[Saved entries]
+-------+
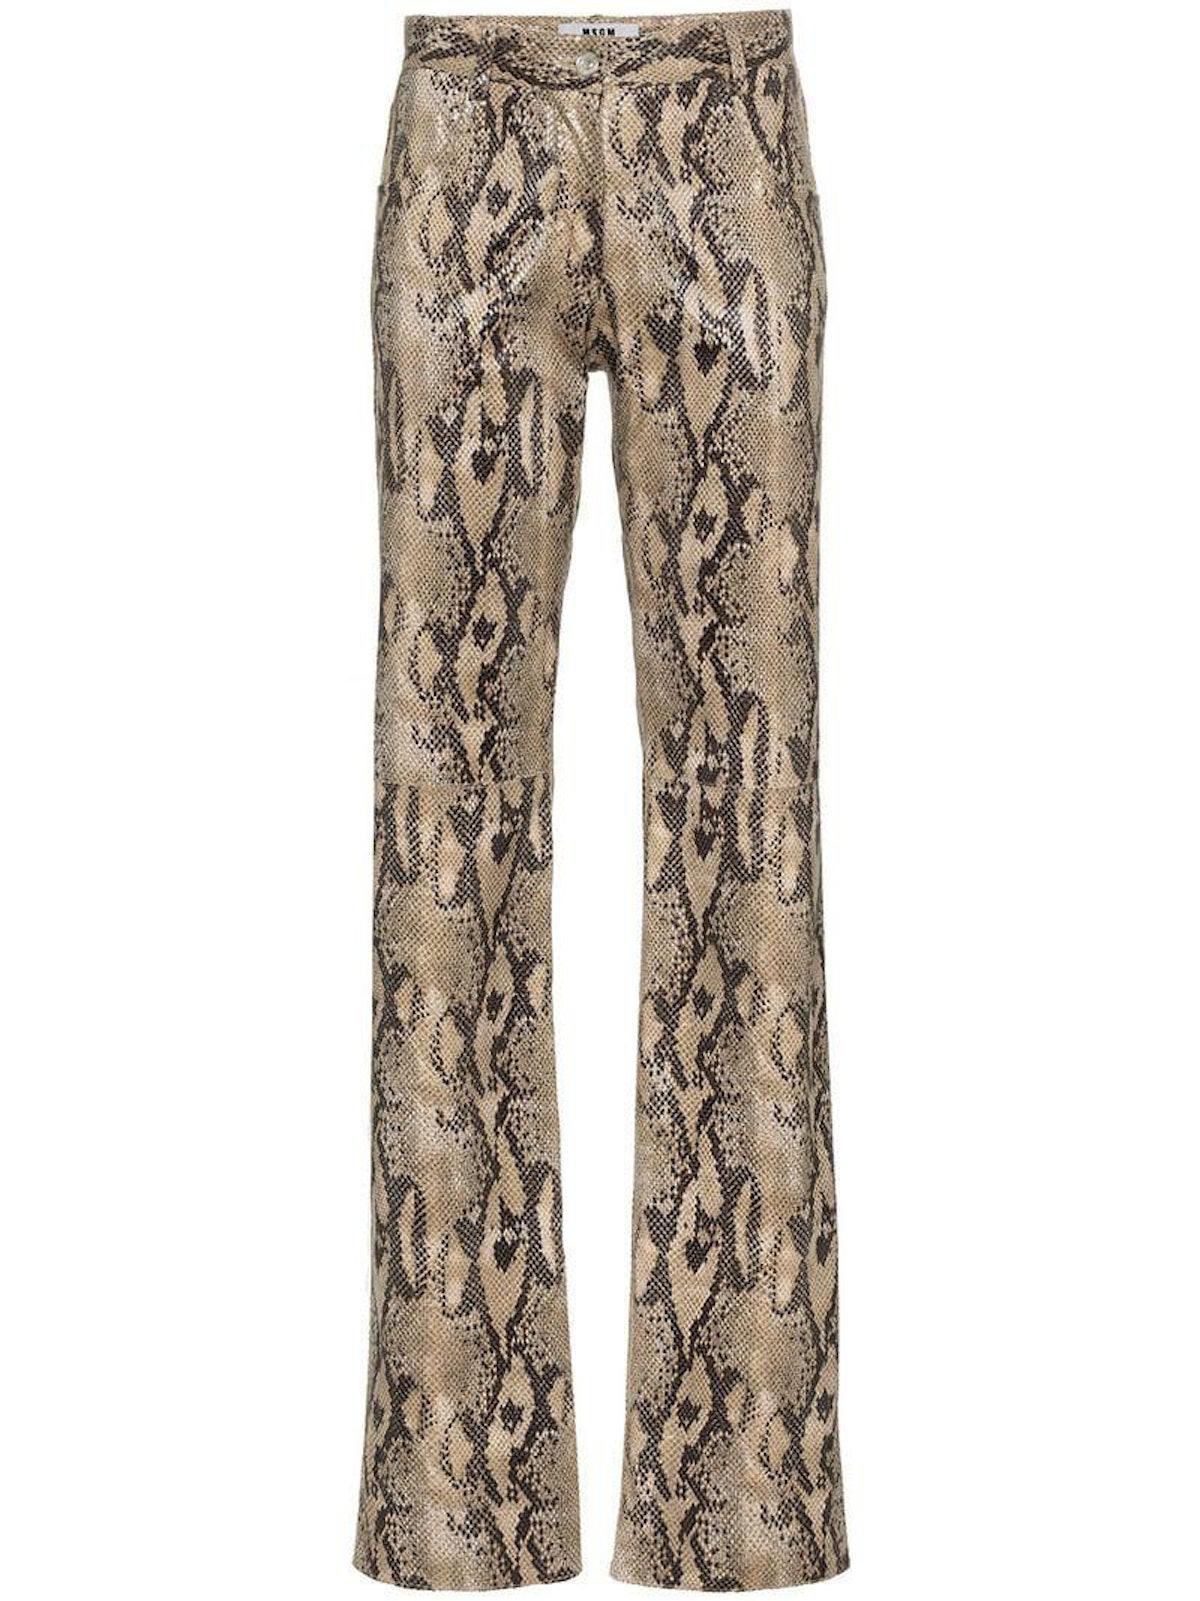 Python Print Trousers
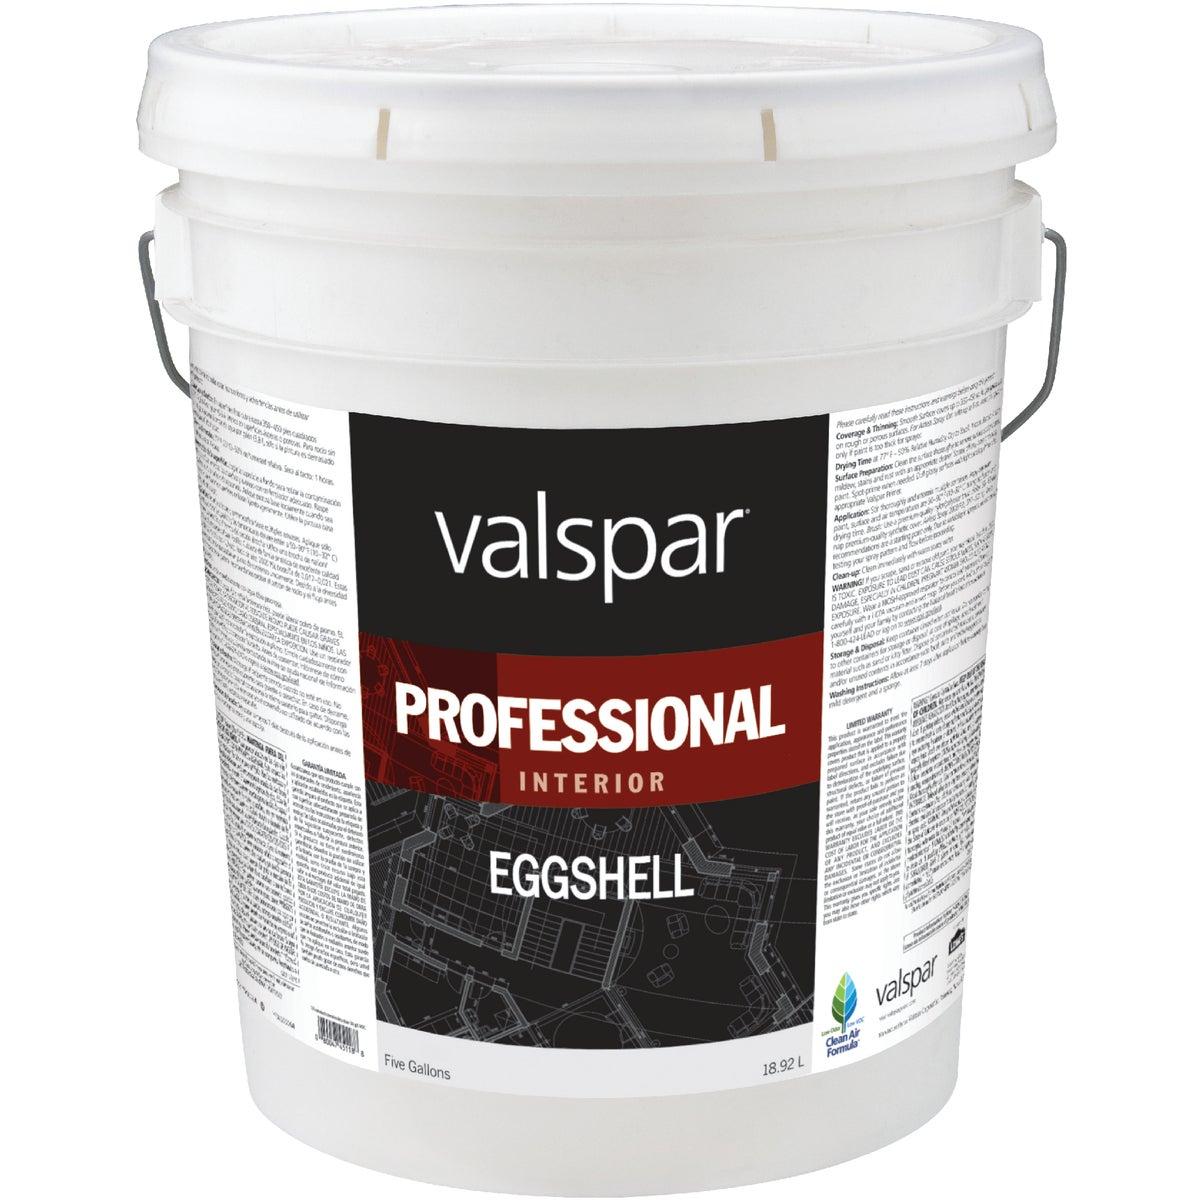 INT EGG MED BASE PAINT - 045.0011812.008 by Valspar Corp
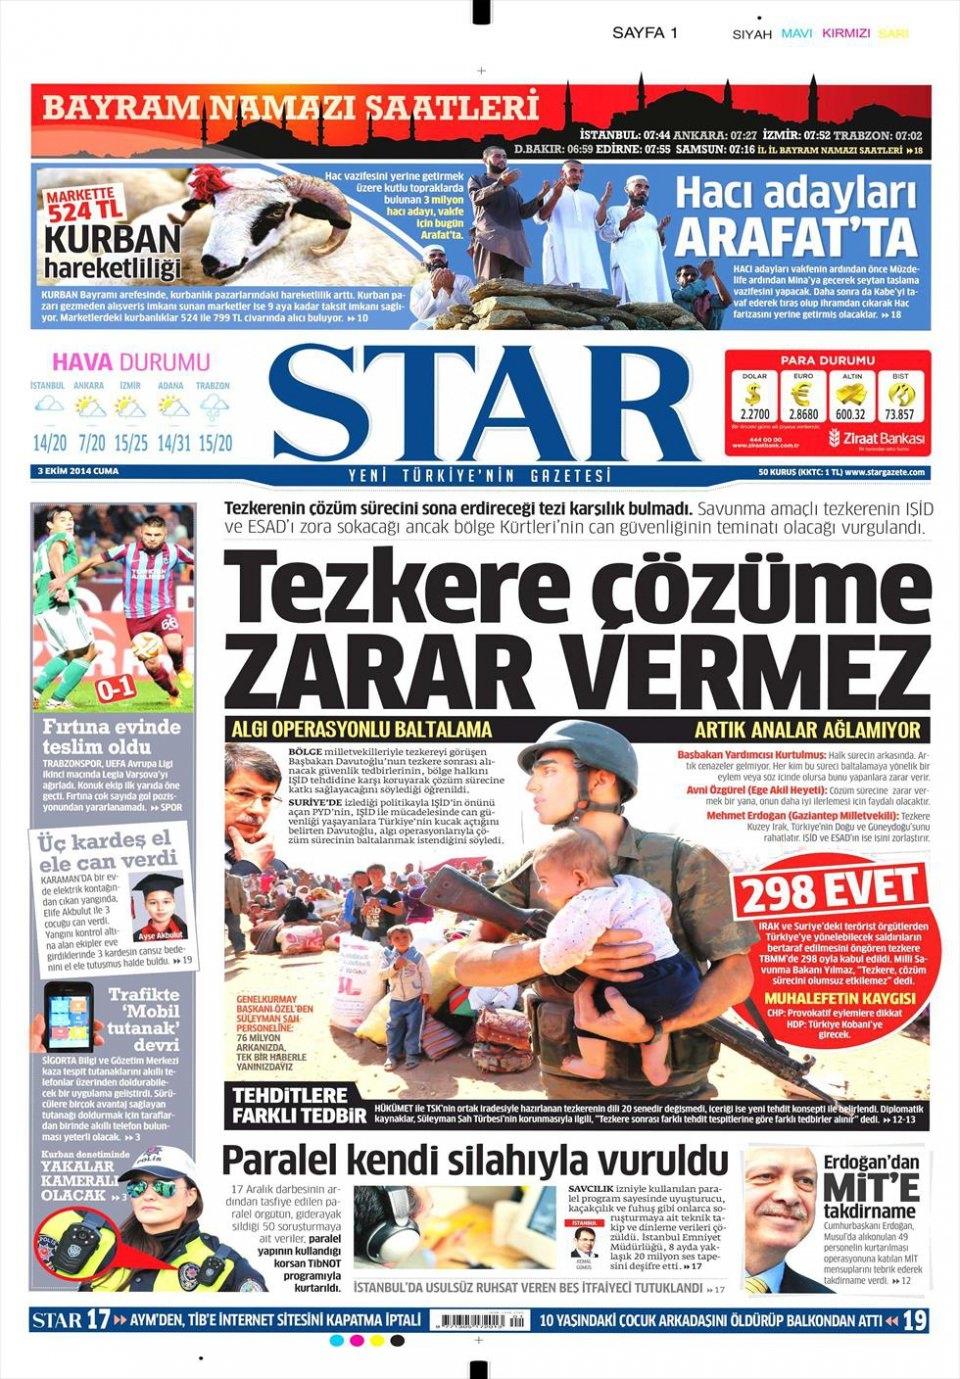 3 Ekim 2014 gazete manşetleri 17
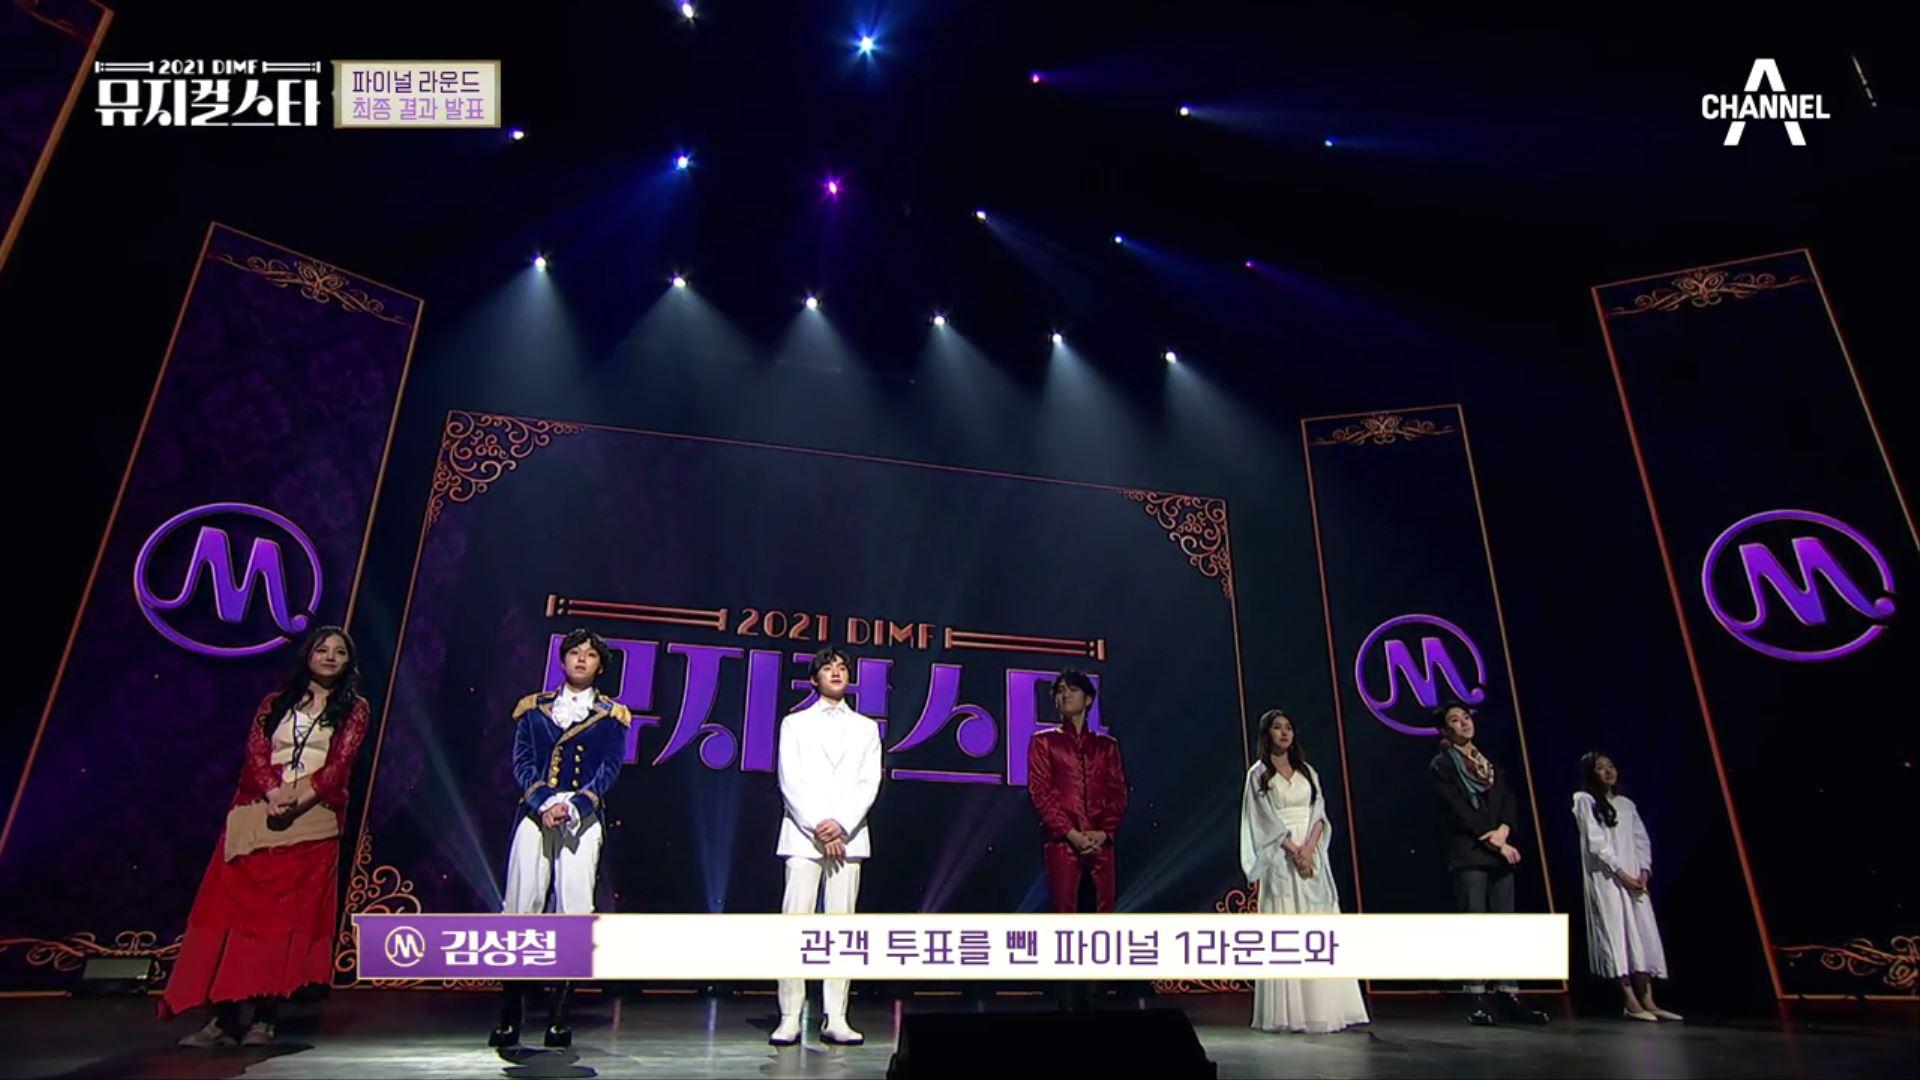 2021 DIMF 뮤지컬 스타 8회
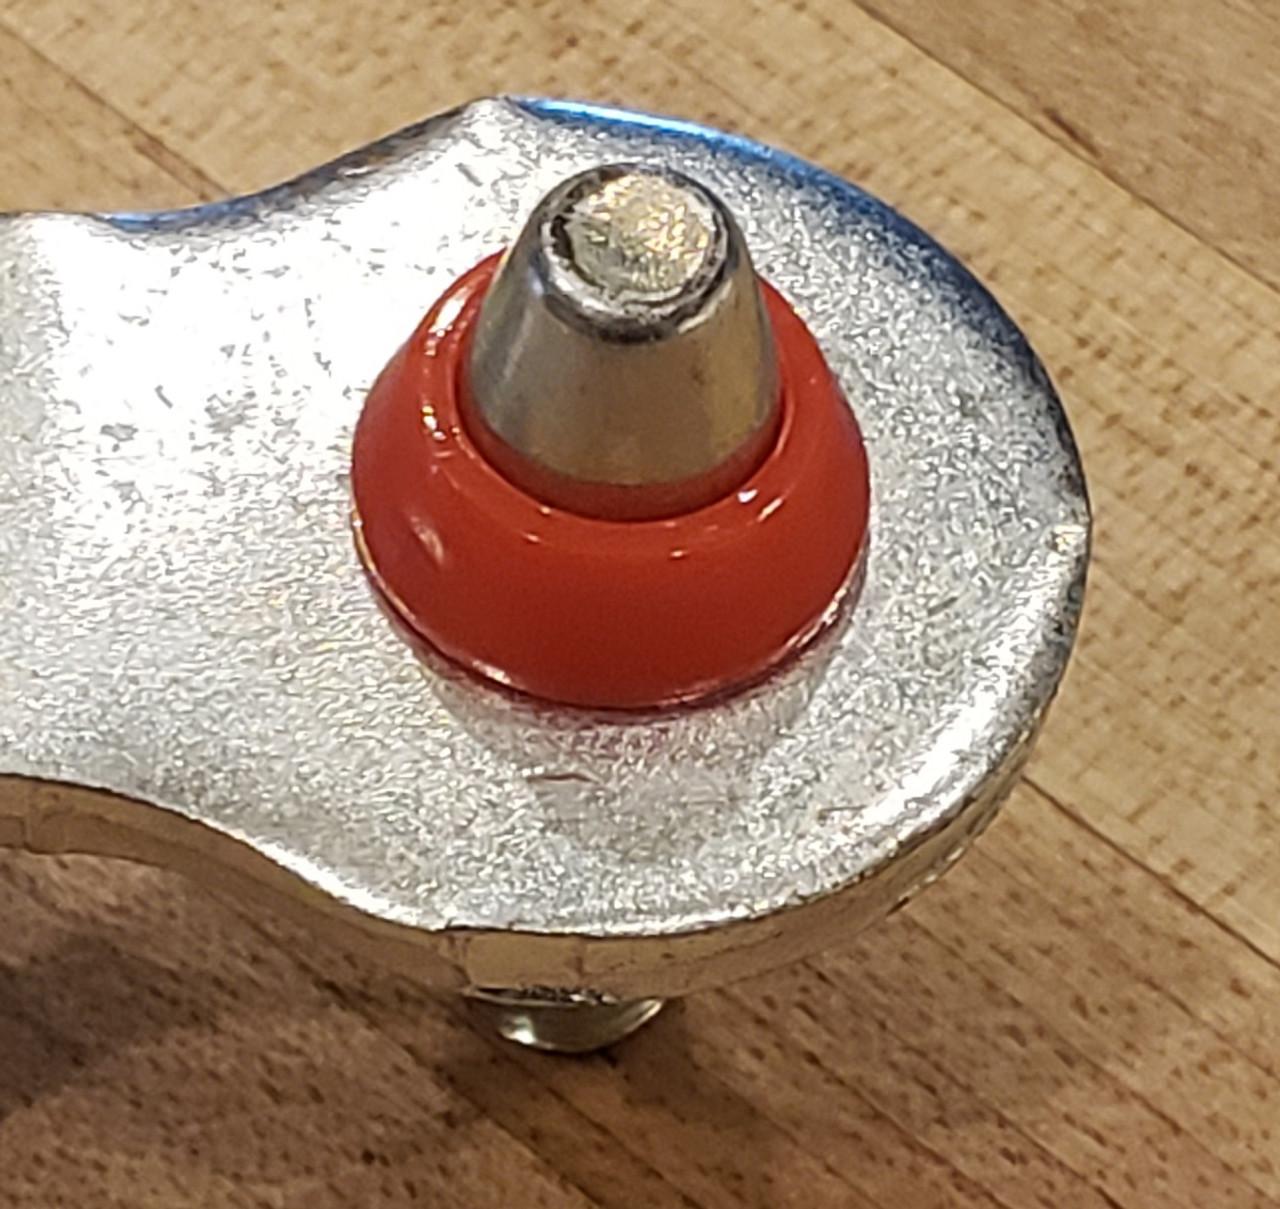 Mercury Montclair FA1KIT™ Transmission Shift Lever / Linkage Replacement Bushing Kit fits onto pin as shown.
+-------+
• Required action
Each record must be repeated verbatim, and no picture may appear in the copy.

• Answer
 Python Print Trousers
 INT EGG MED BASE PAINT - 045.0011812.008 by Valspar Corp
 3 Ekim 2014 gazete manşetleri 17
 2021 DIMF 뮤지컬 스타 8회
 Mercury Montclair FA1KIT™ Transmission Shift Lever / Linkage Replacement Bushing Kit fits onto pin as shown.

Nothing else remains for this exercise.